Magnusson, referred to cloud computing as the “fourth wave” of computing following mainframes, client-servers and the Internet, and is definitely a cloud booster. “The more people use the cloud, the more they like it,” he says. In a soft but clever sales pitch, he updated his presentation with pictures, diagrams, and other data of his 5:30 a.m. run through Dresden this morning, compiled, of course, with Google cloud tools.

Joe Weinman, senior vice president at Telx, juggled two completely opposite feats that few can do in a room full of EEs: He made them laugh and delivered some deep mathematics. The point of both was to define the cloud from an economic viewpoint.

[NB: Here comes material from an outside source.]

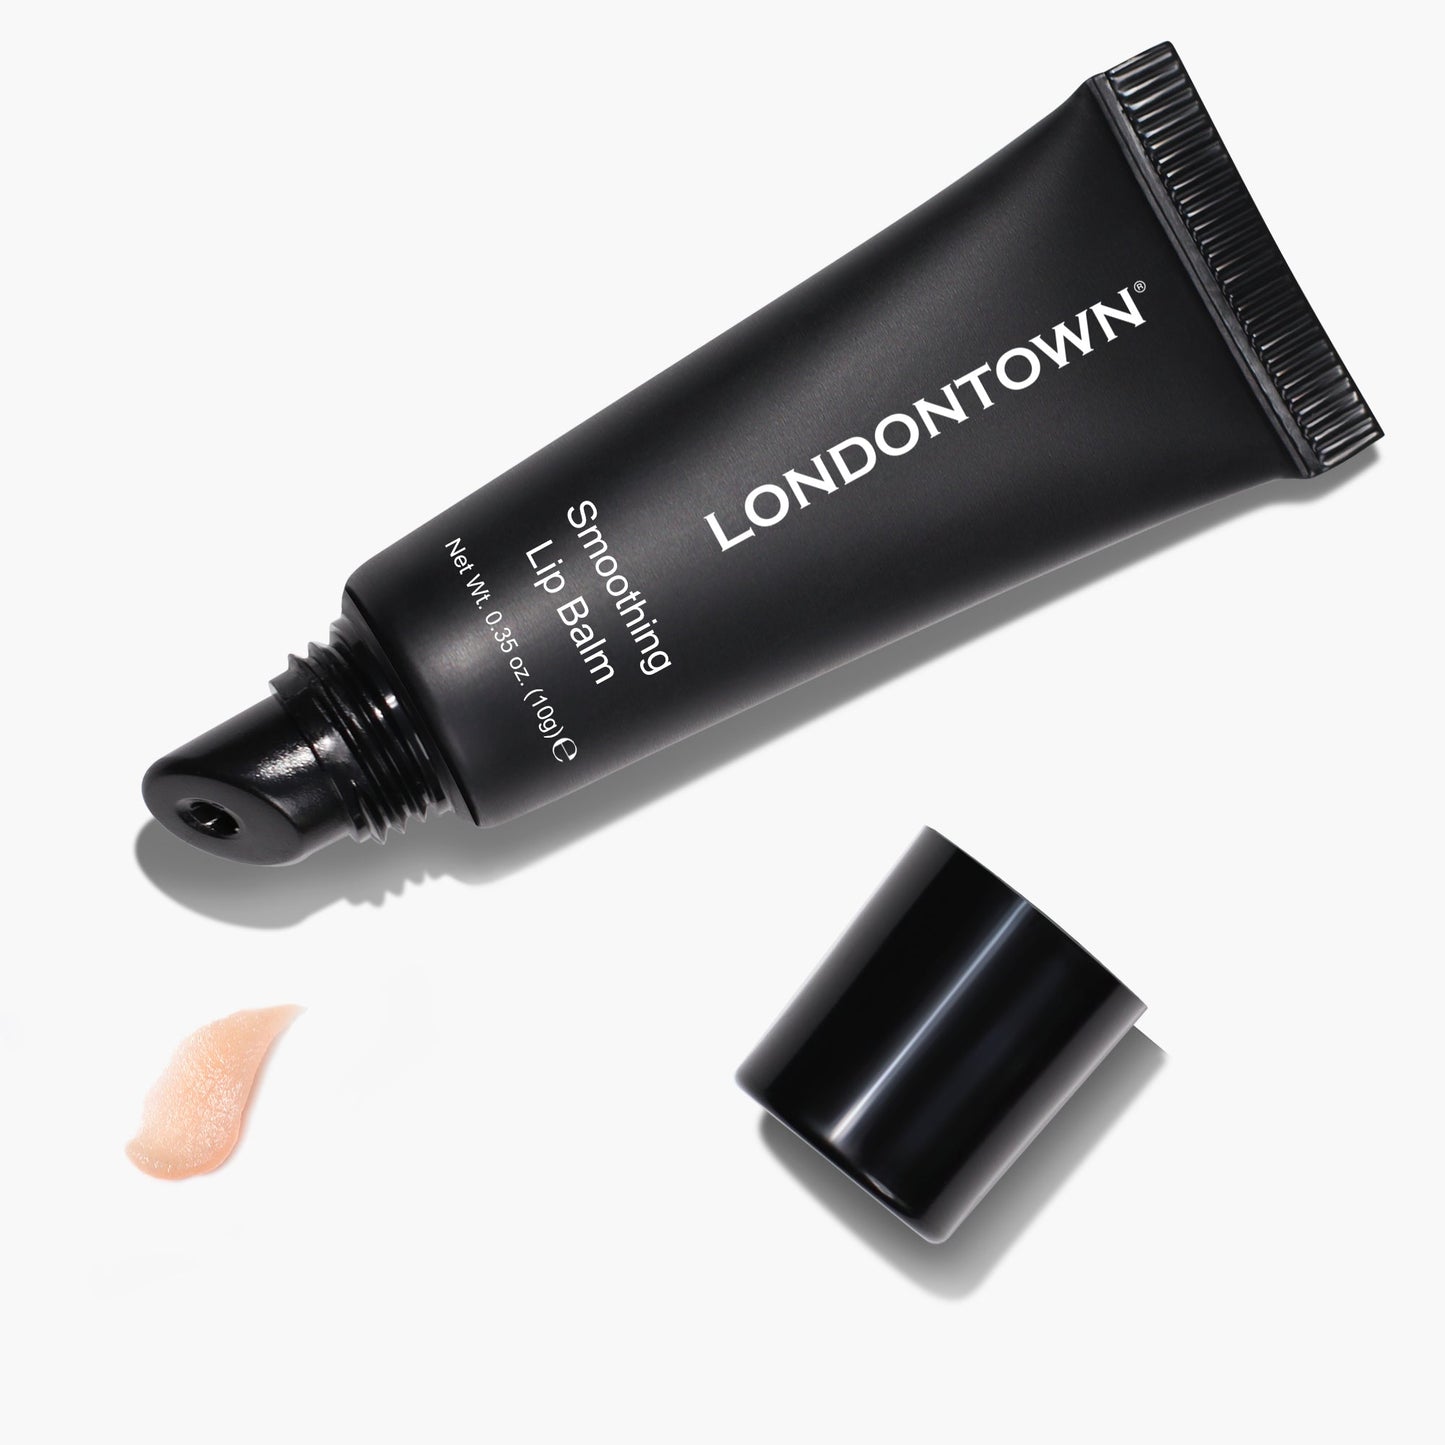 Smoothing Lip Balm by LONDONTOWN

Cloudonomics” is the term Weinman coined for a rigorous way to define cloud services based on calculus, statistics, and trigonometry as well as system dynamics, economics, and computational complexity theory. For the maths, check out his work at joeweinman.com/papers.htm

Dean Jacobs, chief development architect at SAP, notes that early cloud computing was billed as “clearly a TCO (total-cost-of-ownership) business case aimed at reducing costs with simple applications.” But today’s service “is focused on adding new business value.” That value, he says, comes in the form of easier deployment and integration, collaboration within and across businesses, access from multiple devices, simple customization, and better scalability.

Experts gave some warnings, too. Eric Sedlar, technical director of Oracle Labs, warns against a “hype wave” regarding the cloud. He also points to the need for “smart application developers to do deep thinking” about the cloud. Power consumption and scalability, he says, will continue to be problems, and the solutions will require greater hardware and software co-design:

“The cloud has been exploiting Internet usage growth. But physics will come back to bite us later down the road.”